-- Data for this exercise follows --

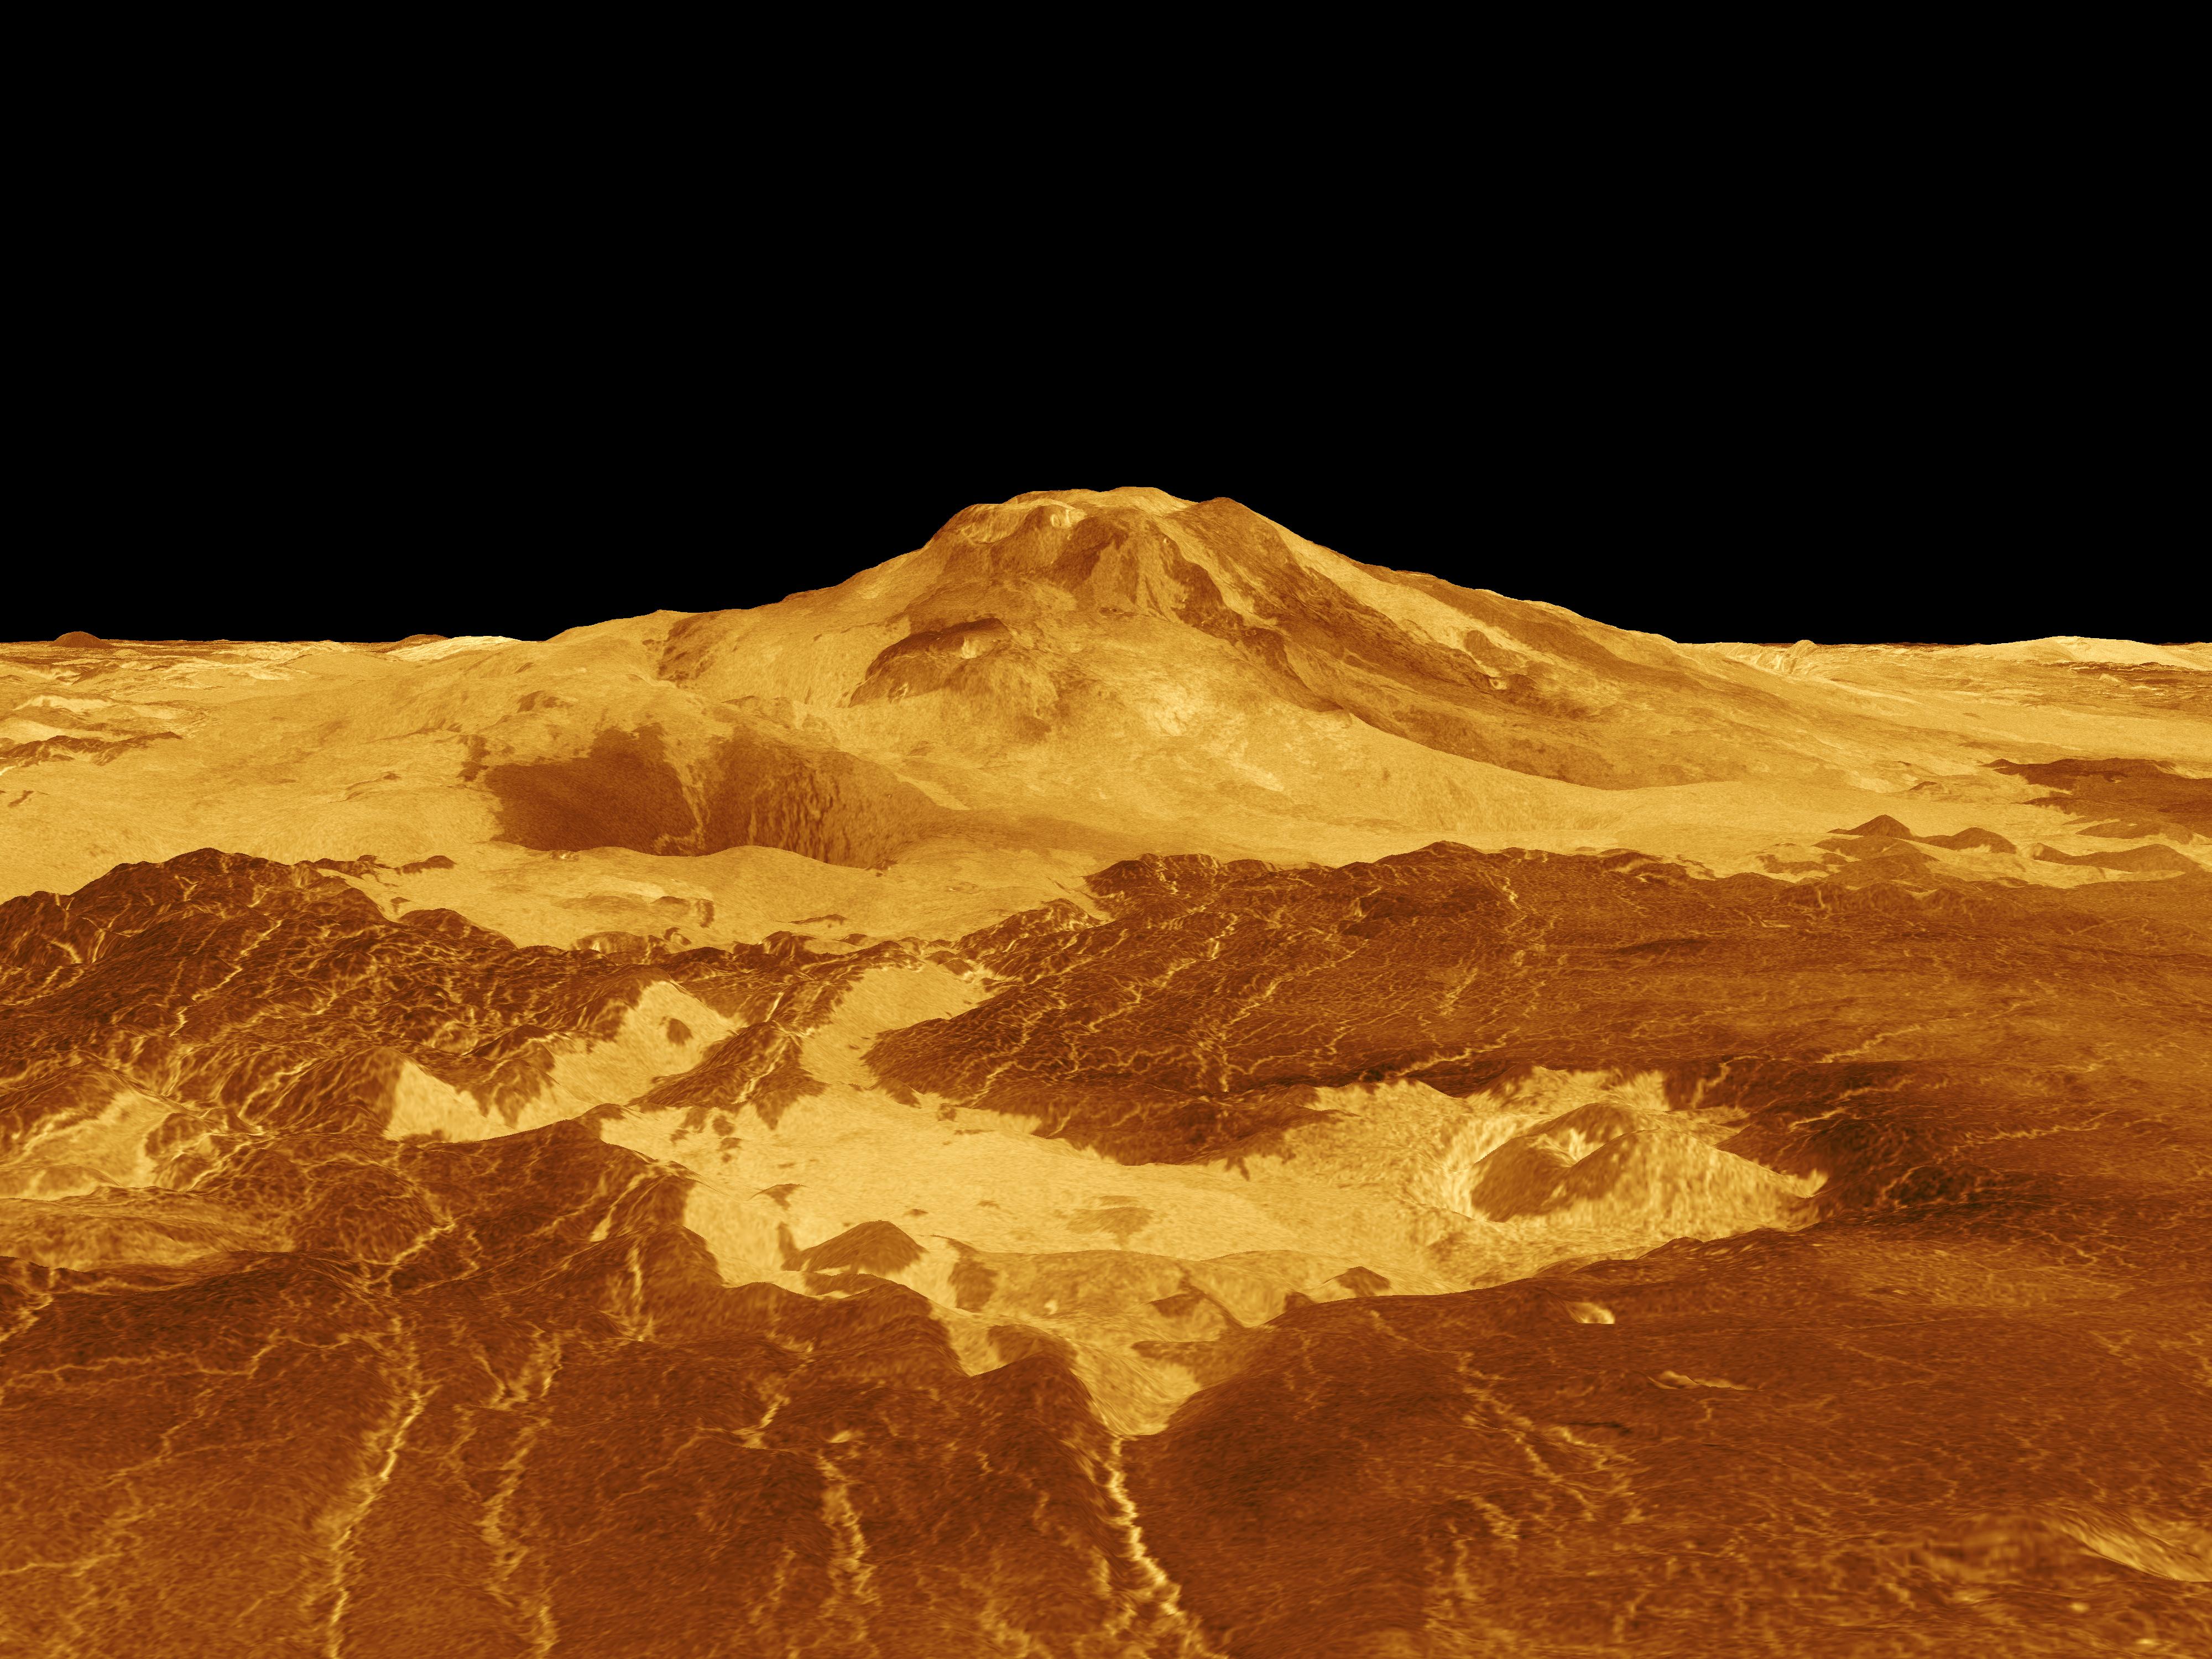 A Maat Mons vulkán a Vénusz felszínén, a Magellan űrszonda radaros méréseiből generált 3D képen. Forrás: NASA/JPL
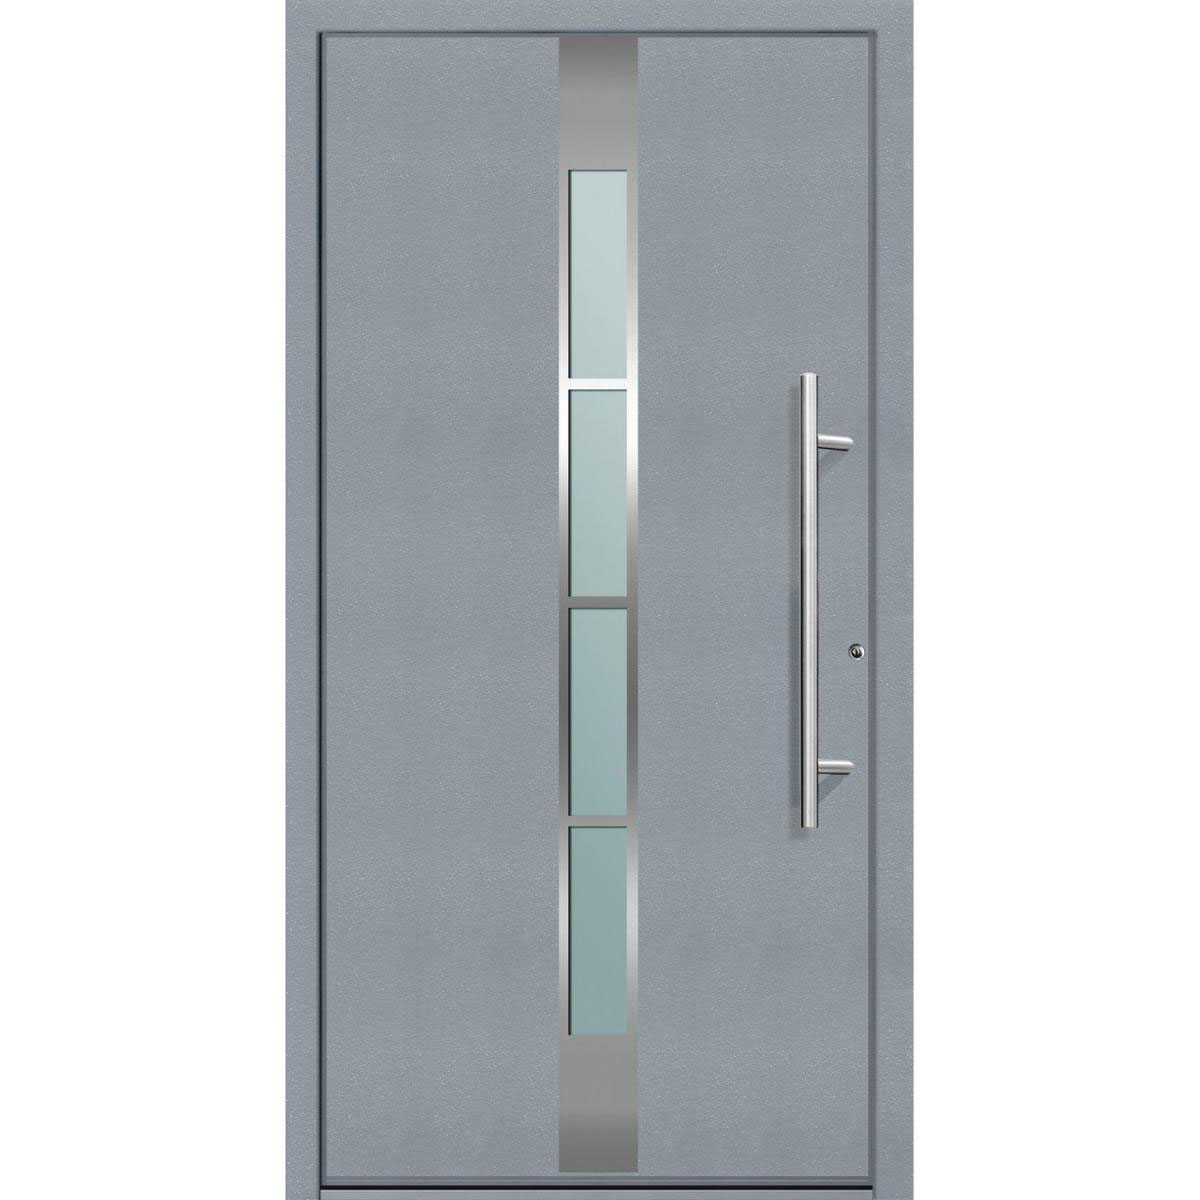 Aluminium Sicherheits-Haustür „Ferrara Superior“, 60mm, grau, 100x210 cm, Anschlag rechts, inkl. Griffset
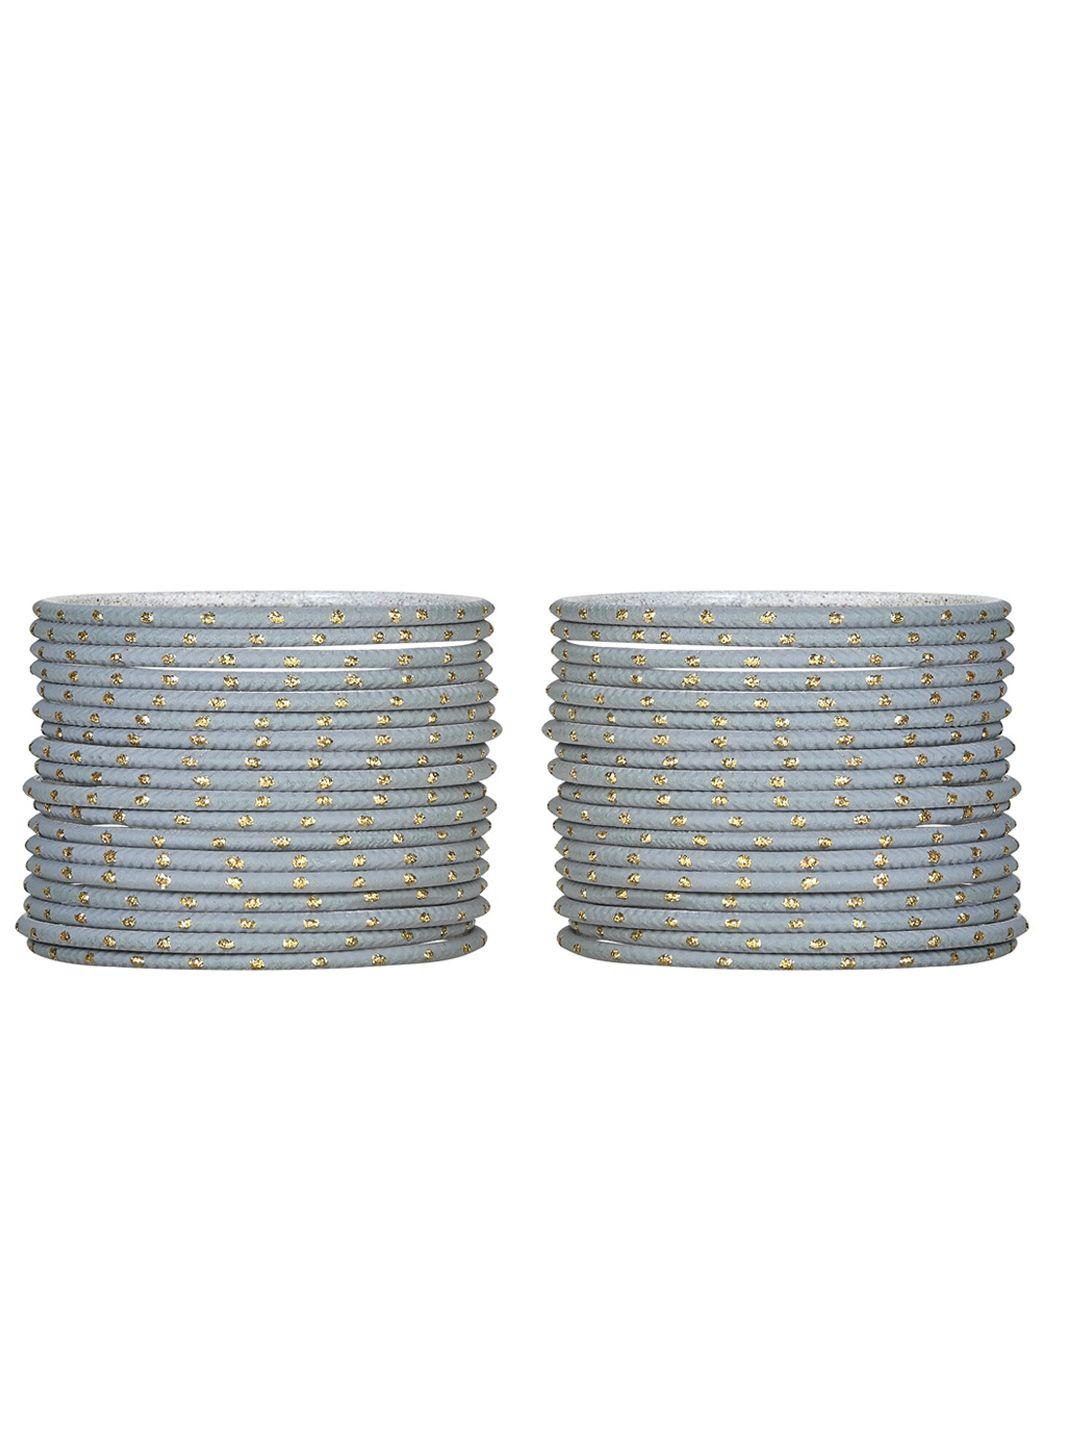 arendelle girls set of 48 grey metal bangles
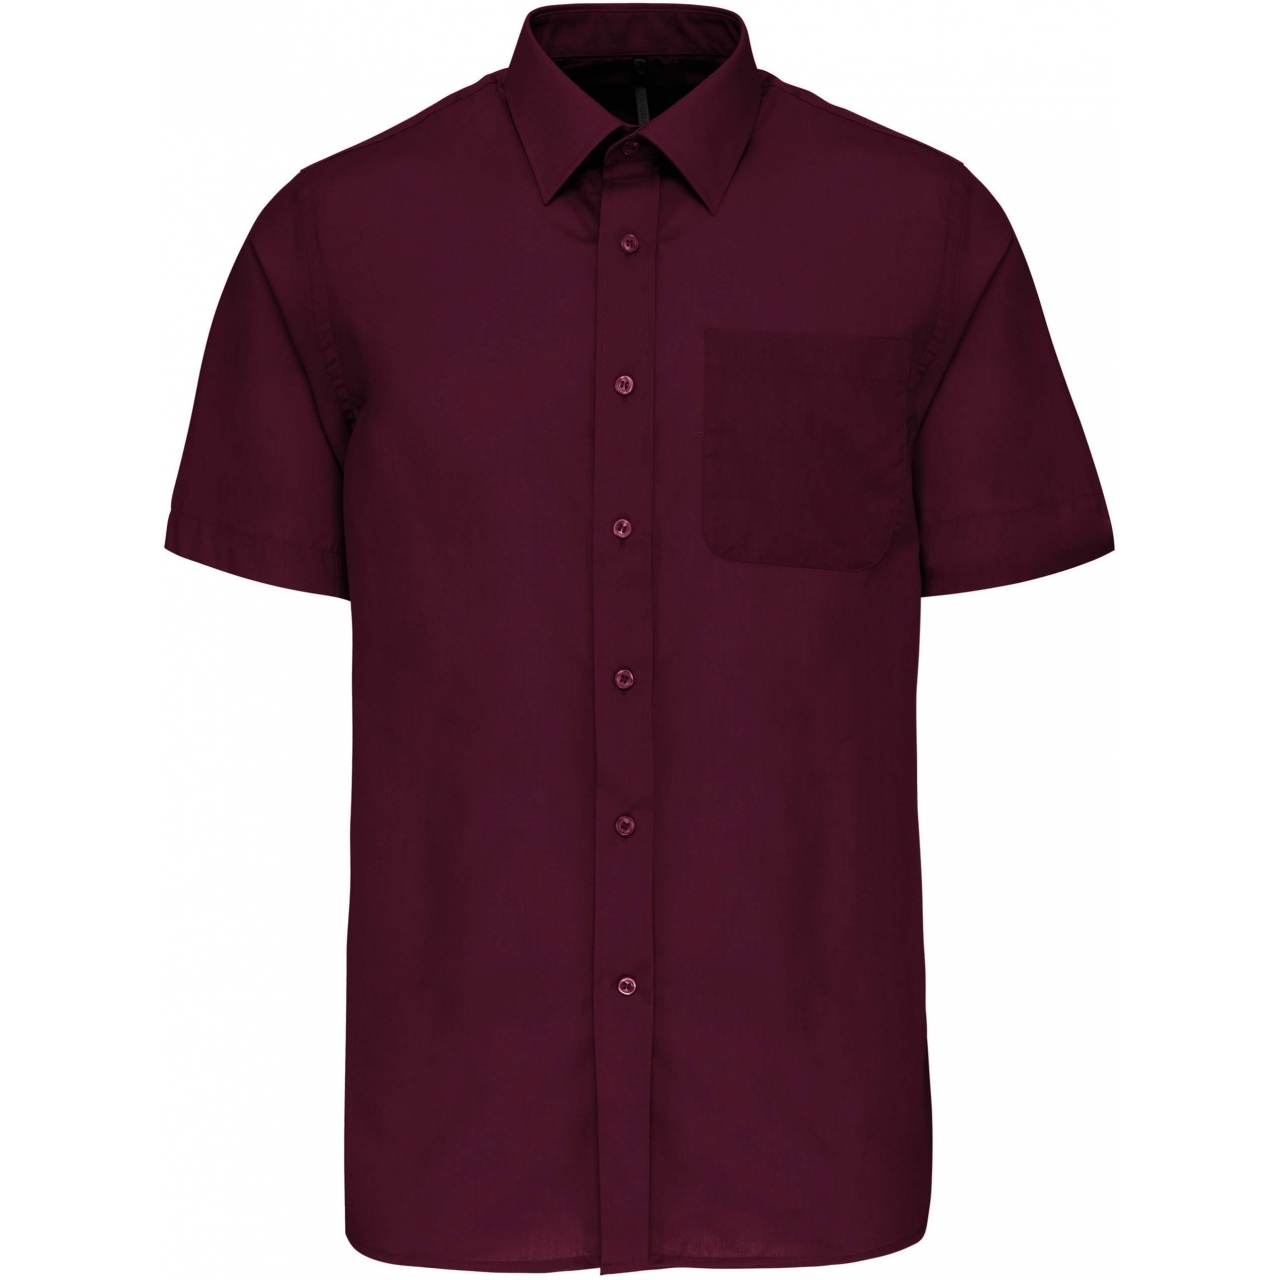 Pánská košile s krátkým rukávem Kariban ACE - tmavě červená, XL
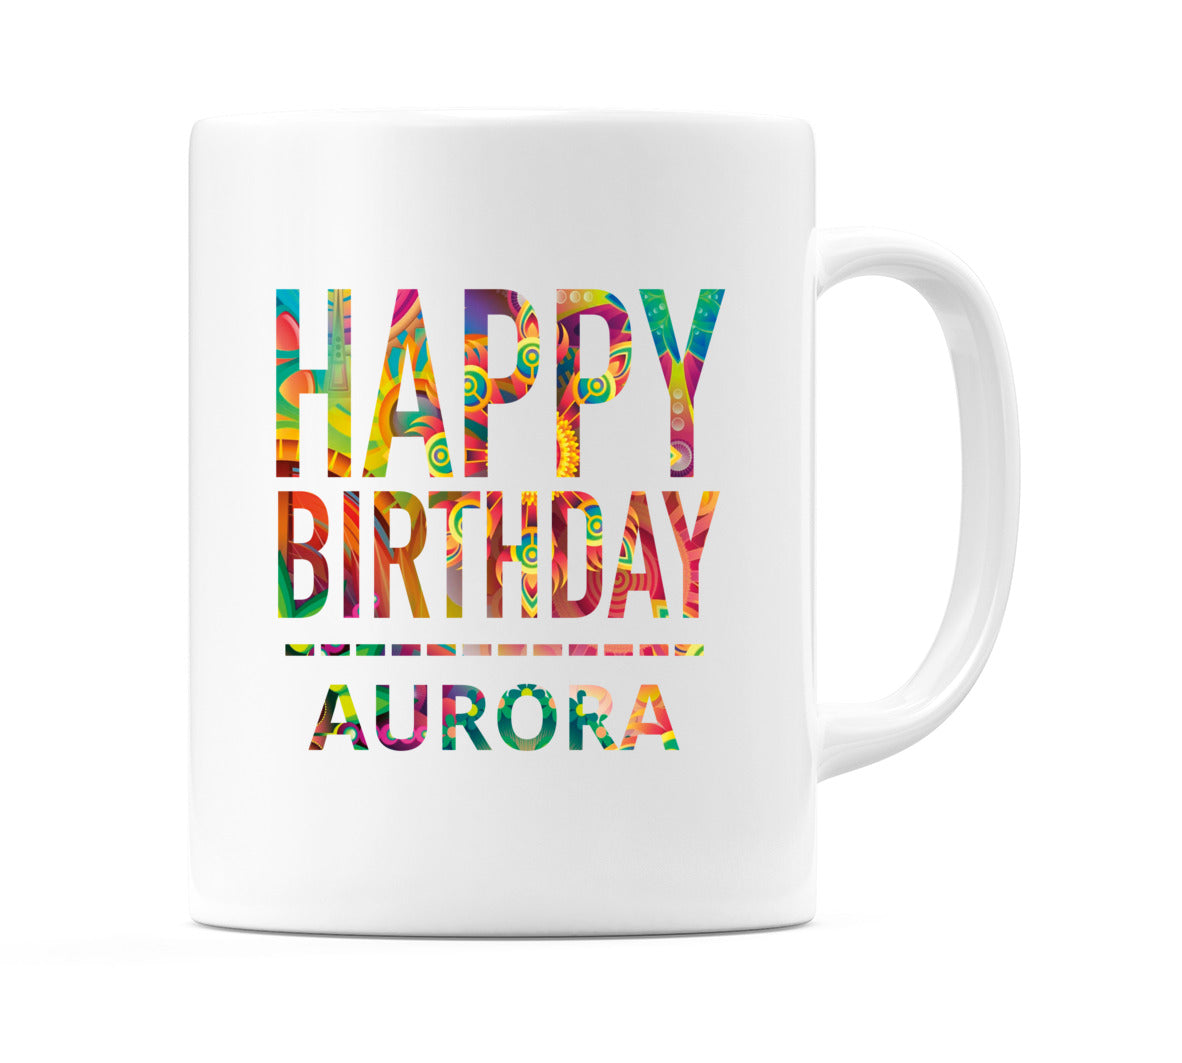 Happy Birthday Aurora (Tie Dye Effect) Mug Cup by WeDoMugs

-- Data for this exercise concluded --

§ **Problem requirements**
Return the listing verbatim; pictures are not part of the copy.

§ **Solved exercise**
 A Maat Mons vulkán a Vénusz felszínén, a Magellan űrszonda radaros méréseiből generált 3D képen. Forrás: NASA/JPL
 Aluminium Sicherheits-Haustür „Ferrara Superior“, 60mm, grau, 100x210 cm, Anschlag rechts, inkl. Griffset
 arendelle girls set of 48 grey metal bangles
 Pánská košile s krátkým rukávem Kariban ACE - tmavě červená, XL
 Happy Birthday Aurora (Tie Dye Effect) Mug Cup by WeDoMugs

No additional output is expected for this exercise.